Galaxias supremus, commonly known as the Kosciuszko galaxias, is a galaxiid of the genus Galaxias, a member of the Mountain galaxias species complex group of freshwater fish, found in Australia.

==Description==
Similar to other members of genus Galaxias. The mouth is set low on the relatively long snout, and the dorsal, pelvic and anal, fins are well back along the body. The caudal peduncle is short and shallow, with the tail fin long at about 20% longer than the caudal peduncle. The dorsal and anal fins are short, with the anal fin set well back at about 85% from the front of the dorsal fin, the furthest back of all members of the species complex. Maximum recorded length 96 mm, commonly 80-85 mm.

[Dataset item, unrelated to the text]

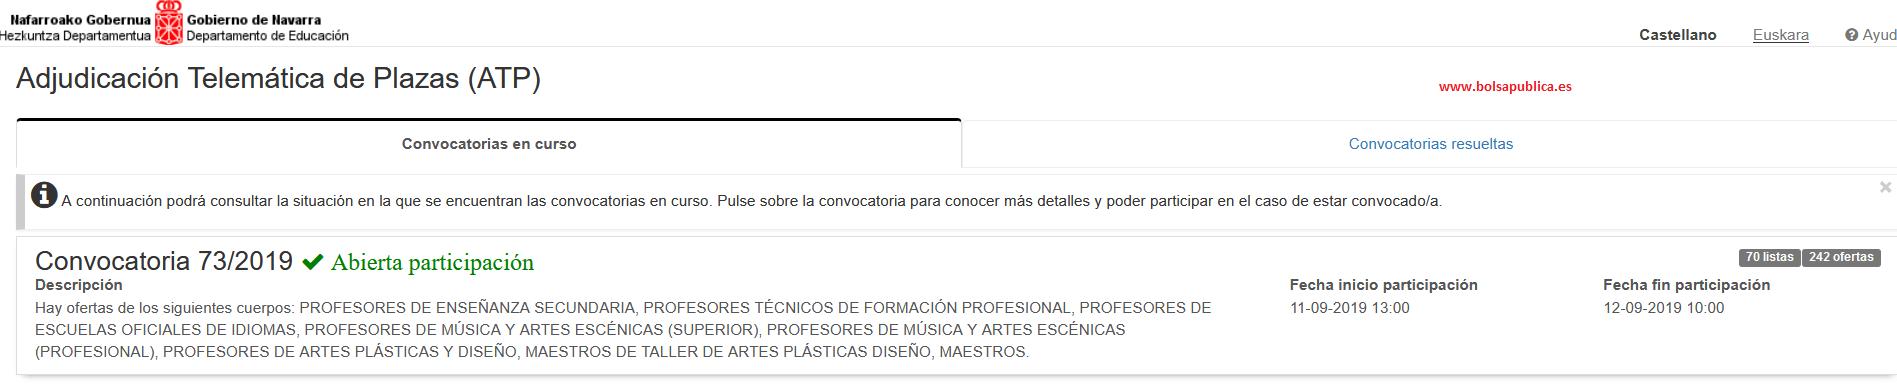 Gobierno de Navarra ATP (adjudicación telemática de plazas

It is light brown to tan over body and head and generally lighter below the lateral line, with the belly even lighter. The base colour is overlain by medium to large, darker, uneven blotches mostly joining together to form irregular bands, sometimes also overlain with a shading of tiny, closely packed dark grey spots. Occasionally small black bars are present mixed in with the blotches and spots around the midbody. The gills covers light brown with a medium-sized gold patch. The eyes are small with a golden iris. A thin band of gold spots is sometimes present on the upper surface between the nape and the dorsal fin. The head is covered with a scattering of diffuse gold flecks, and the body from behind the pectoral fins to the caudal peduncle has a band of gold to coppery spots concentrated mostly below the lateral line and towards the rear.

==Distribution==
It is not well known, reported only from Blue Lake and its tributary Carruthers Creek in the headwaters of the Snowy River system on Mount Kosciuszko within Mount Kosciuszko National Park in New South Wales and at an elevation of 1900-1950 m. Changes to the historical distribution are unknown, but the presence of alien trout in the upper reaches of the Snowy River and within 2 km of the Blue Lake system is considered to be a restricting factor on its range.

==Habitat==
The Kosciusko Galaxias is found in cold water in small, clear streams and one on-stream lake (Blue Lake). Stream width was 0.6-1.1 m and depth was 50-60 cm. Stream beds consist of bedrock and boulders, through to gravel and sand; the lake bed consists of pebbles, gravel, and silt. It is able to withstand water below 2 C for lengthy periods. All these waters are covered with snow and ice for long periods of time during winter. Fish have been collected mainly from pools in streams amongst rocks, undercut banks, and overhanging grasses. In the lake, fish were collected from rocks and small cobbles within 2 m of the shore. The species' location and habitat in deeper waters of the lake are unknown.

==Lifecycle/reproduction==
It is confined to freshwater, with an unknown spawning period likely to be late spring to early summer. Adult fish collected in mid-March were found to have mid-stage gonad development.

==Conservation==
It is listed as critically endangered by the IUCN.

==Utility to humans==
It is not an angling target due to small size its and conservation status.